Dalam memahami makna tauhid yang terkandung dalam kalimat tahlil itu kita bisa melihat bagaimana seorang Imam Asy'ari memaknai kalimat tauhid tersebut. Beliau berkata: “tidak ada pencipta kecuali Allah semata”. Dari interpretasi Asy'ari yang demikian atas kalimat tahlil, kita bisa mengambil dua poin sekaligus.
Pertama, Seorang muslim harus meyakini bahwa segala sesuatu yang terjadi di dunia ini—baik itu hal yang baik ataupun hal yang jelek—adalah sesuia dengan ilmu, kehendak dan hanya ciptaan Allah saja, tidak ada pencipta selain Allah. Hanya saja Allah tidak meridhai perbuatan jelek seorang hamba. Disinilah nampak jelas perbedaan antara kehendak dan ridha Allah. Kedua, Setelah seorang muslim meyakini bahwa yang menghendaki dan menciptakan segala sesuatu yang terjadi di alam ini adalah Allah, maka dia pun juga harus meyakini bahwa makhluk pun juga diberi keleluasaan oleh Allah dalam berusaha dan berikhtiar, walaupun yang menciptakan semua yang ada di dunia ini adalah Allah, hanya saja ikhtiar dan usaha seorang hamba pun tidak bisa lepas dari pengetahun, kehendak dan penciptaan Allah. Atas dasar pondasi dua poin inilah dulu peradaban Islam dibangun dengan begitu megah dan dengan begitu indahnya. Sehingga pada waktu itu umat Islam benar-benar layak untuk mendapatkan label Khaira Ummah yang sangat spektakuler itu.
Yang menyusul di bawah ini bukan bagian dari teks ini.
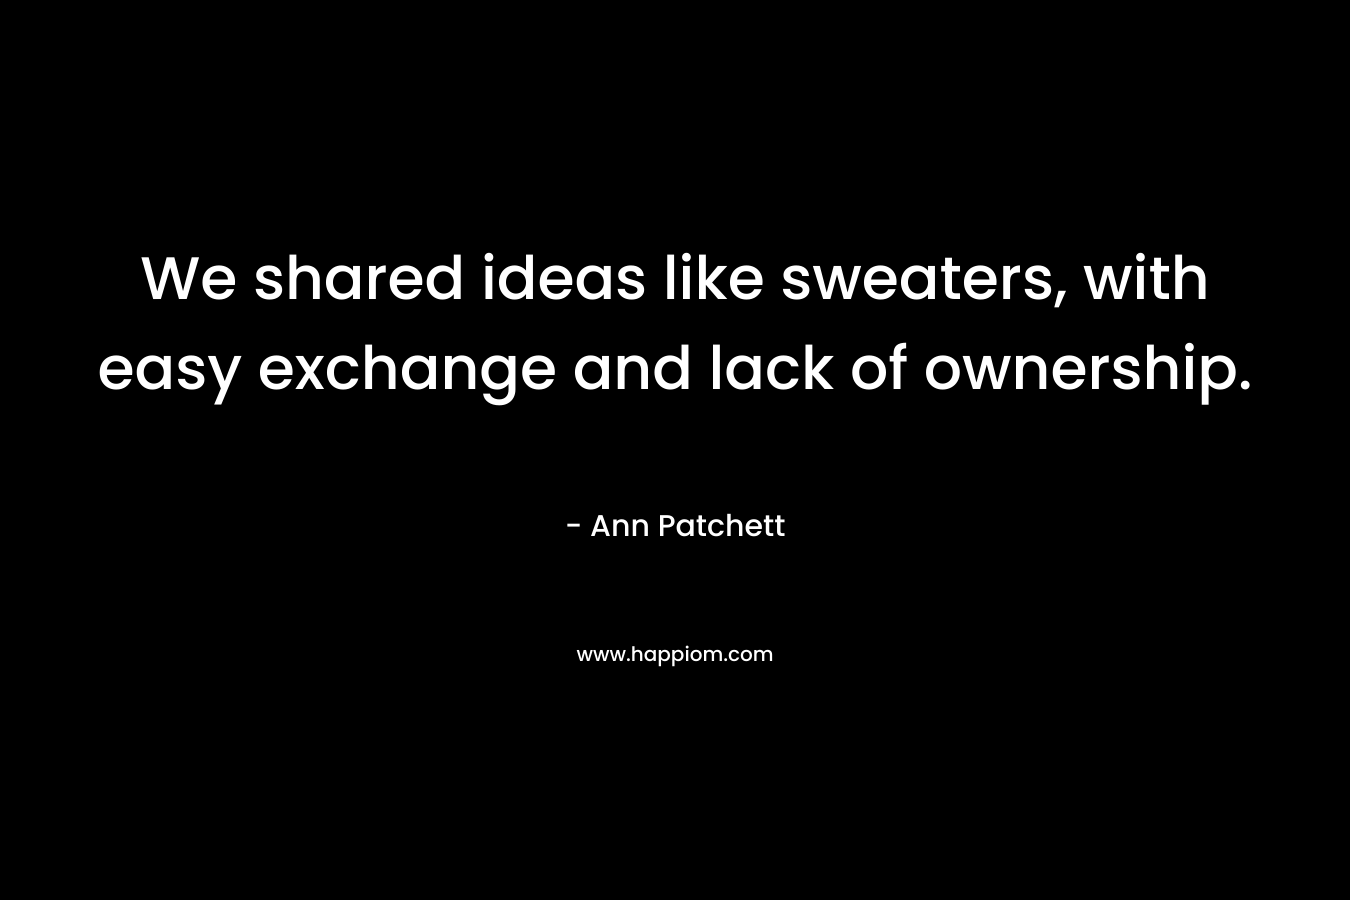 We shared ideas like sweaters, with easy exchange and lack of ownership. – Ann Patchett

Label Khaira Ummah satu sisi memberikan sebuah kebanggaan tersendiri dalam jiwa kita umat Islam, akan tetapi pada sisi lain juga menimbulkan rasa sedih dan susah, karena tentunya kita harus bisa membuktikan bahwa kita memang benar-benar layak mendapatkan label ini. Karena tanpa adanya pembuktian yang lebih raelistis dalam kehidupan yang nyata, pujian Al-Qur'an yang demikian hanya akan menjadi sebuah fantasi belaka atau hanya manjadi sebuah mimpi di siang bolong, karena tentunya Allah tidak akan menjadikan umat ini sebagai umat pilihan tanpa adanya usaha dari umat tersebut sebagai bentuk dari sunnatullah yang telah berlaku didunia yang fana ini.
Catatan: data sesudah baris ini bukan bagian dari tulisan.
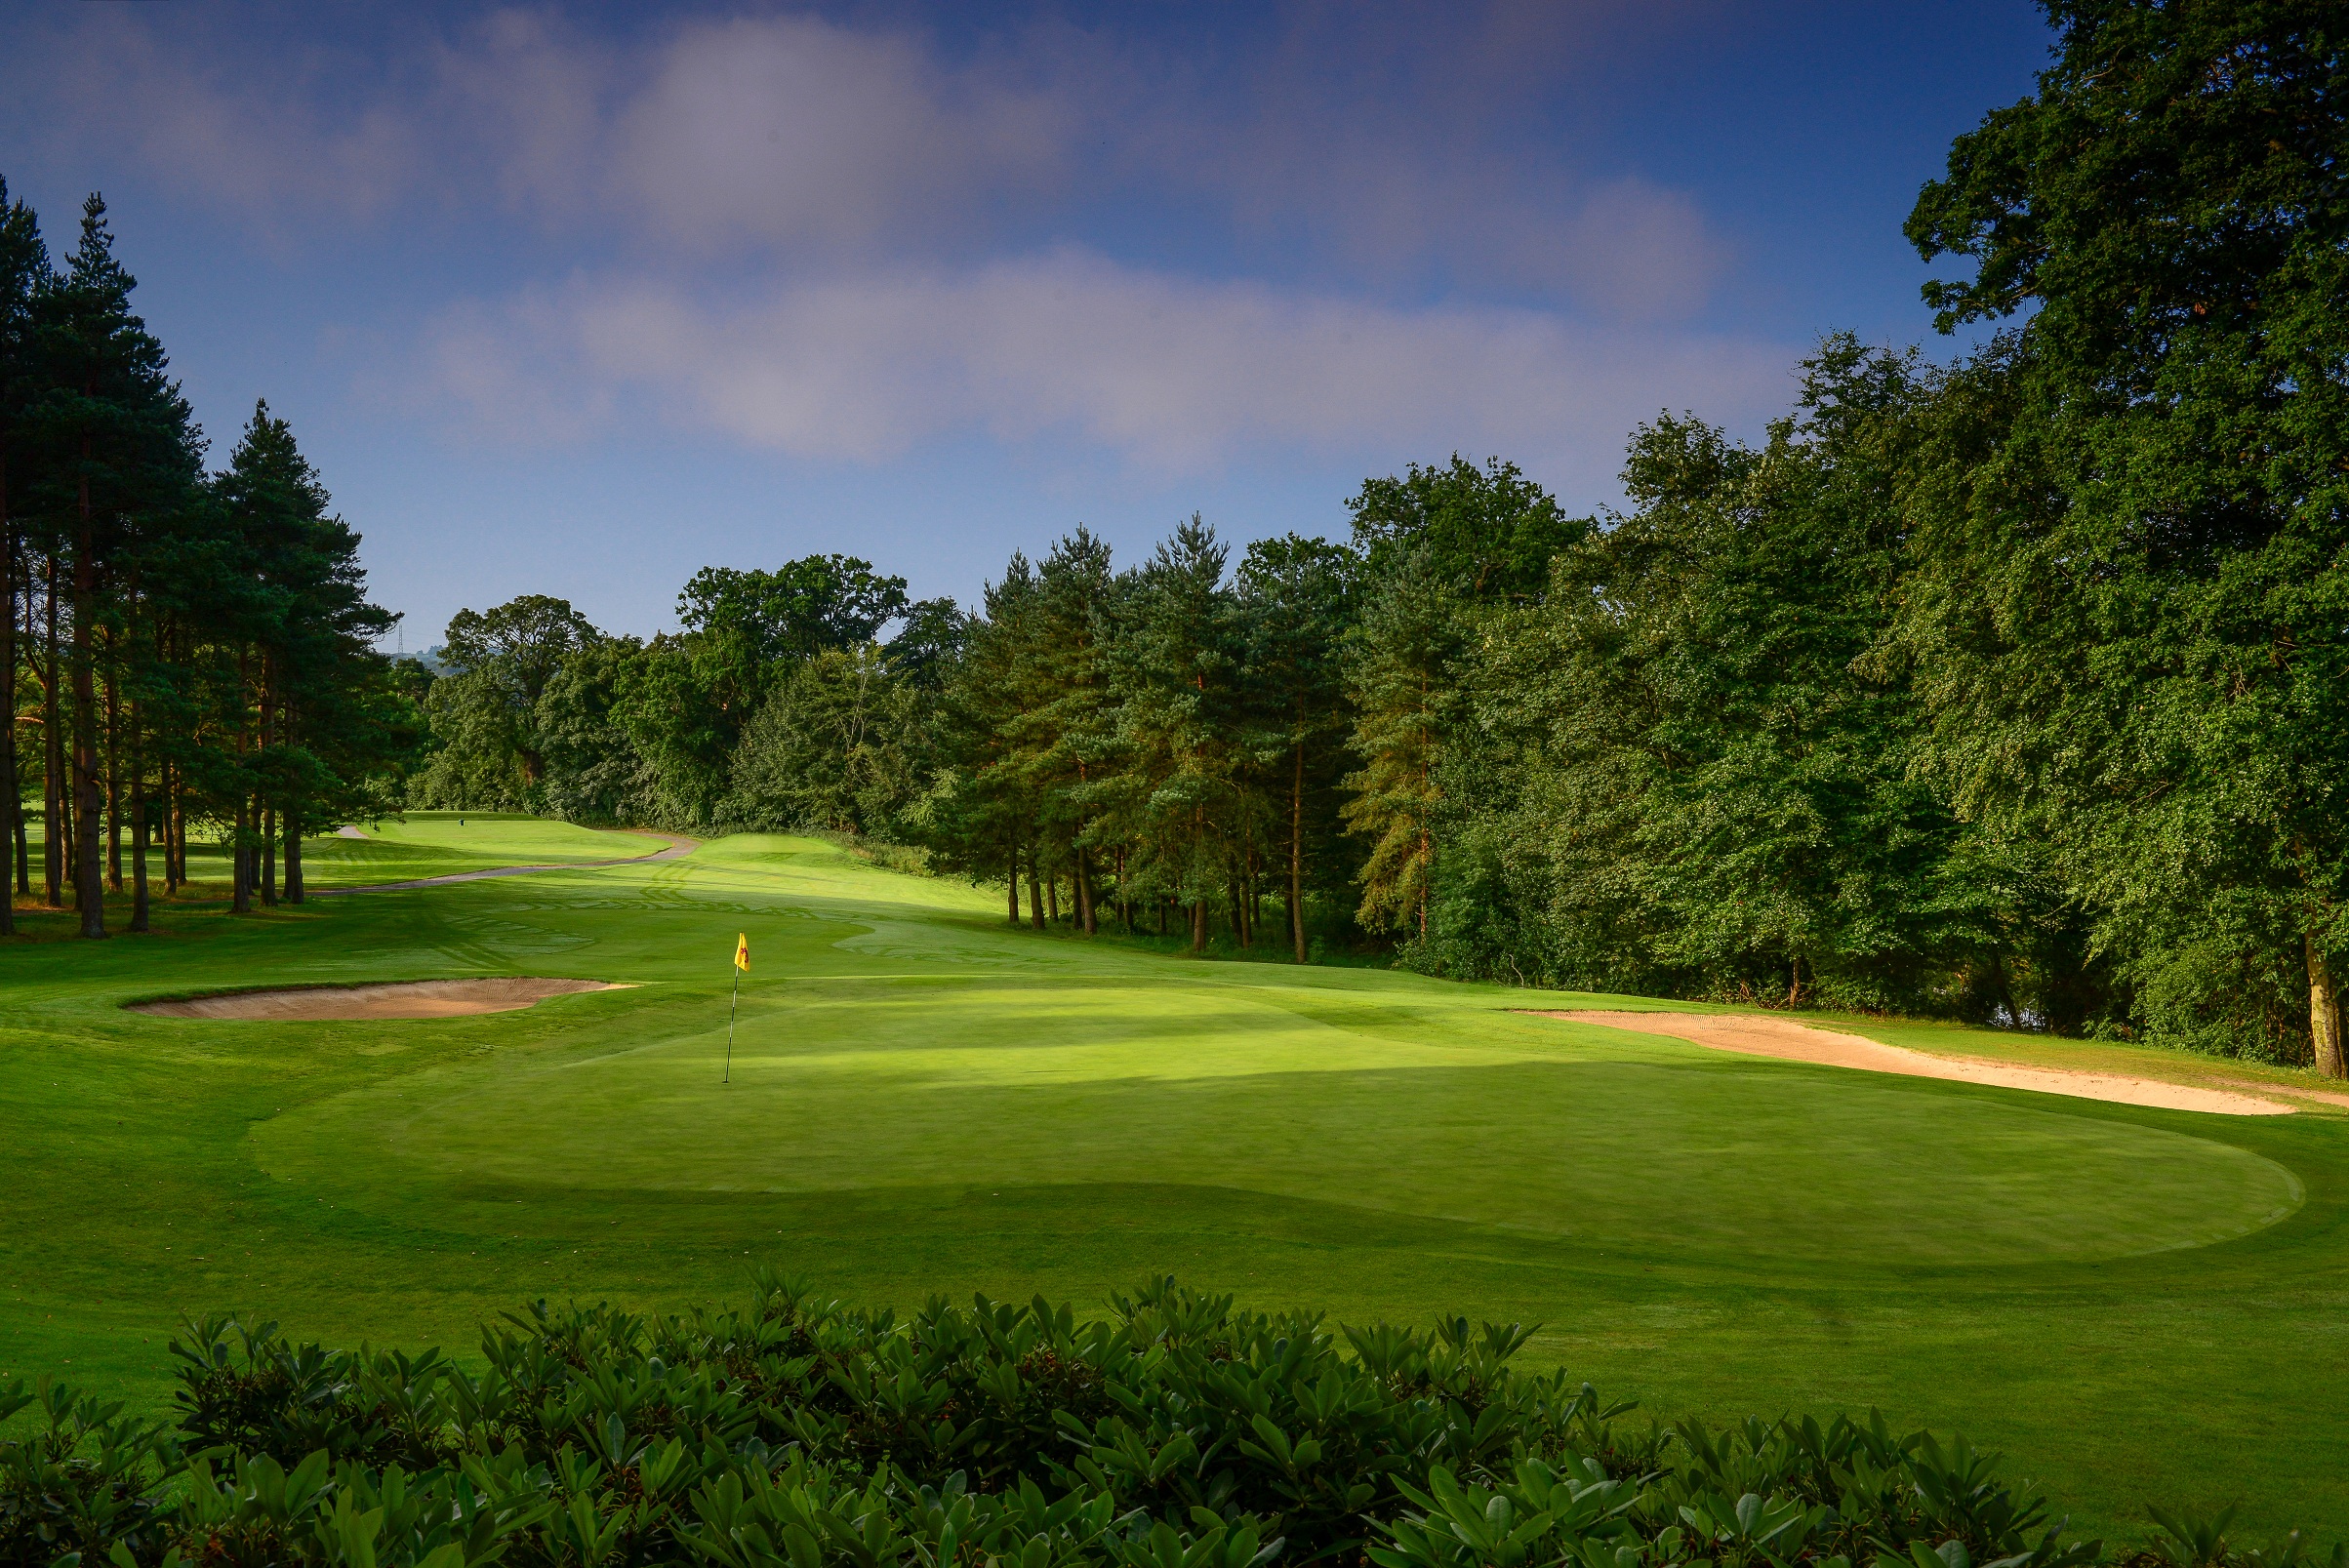 Malone is situated on 330 acres of woodland park (Photo: Malone Golf Club)

Upaya untuk merealisasikan pujian dan janji Allah di atas salah satunya—dan bahkan paling utama dan pertama—adalah dengan benar-benar memahami makna dari kalimat tauhid di atas dan benar-benar menjadikannya sebagai pedoman hidup. Karena substansi dari kalimat tauhid, sebagaimana telah saya jelaskan di atas, merupakan sebuah counter discours terhadap peradaban materialistik yang sekarang sedang tumbuh subur menjadi idiologi hampir mayoritas penduduk bumi. Dari idiologi materialistik ini pulalah peradaban kapitalis barat, yang sekarang dipeluk oleh dunia barat dan diikuti oleh mayoritas dunia timur, lahir untuk kemudian berkembang biak dan menampilkan bermacam-macam varian yang sekarang banyak kita lihat di supermarket-supermarket idiologi yang tersebar di hampir seluruh Indonesia dengan begitu rapi dan teratur, seperti liberalisme pasar, demokrasi, human right, persamaan gender dan masih banyak lainnya1.
  1. Deskripsi Umum Kapitalisme dan Sosialisme.
Budaya kapitalis ini bermula dari buah pemikiran kapitalisme yang dikembangkan oleh seorang pakar Ekonomi berkebangsaan Inggris yang bernama Adam Smith (1723-1790), bahkan bisa dikatakan bahwa semua pemikiran kapitalisme bersumber dari ajaran-ajarannya. Pada tahun (1766) ia menulis sebuah buku yang berjudul “An Inquiry Into The Nature And Causes of Wealth of Nation” yang merupakan buku politik ekonomi. Gagasan besar Adam Smith adalah politik ekonomi pasar bebas, yang bergerak menurut mekanisme yang bebas juga, yang secara otomatis bisa memproduksi barang dan jasa yang disenangi sekaligus diperlukan oleh konsumen2.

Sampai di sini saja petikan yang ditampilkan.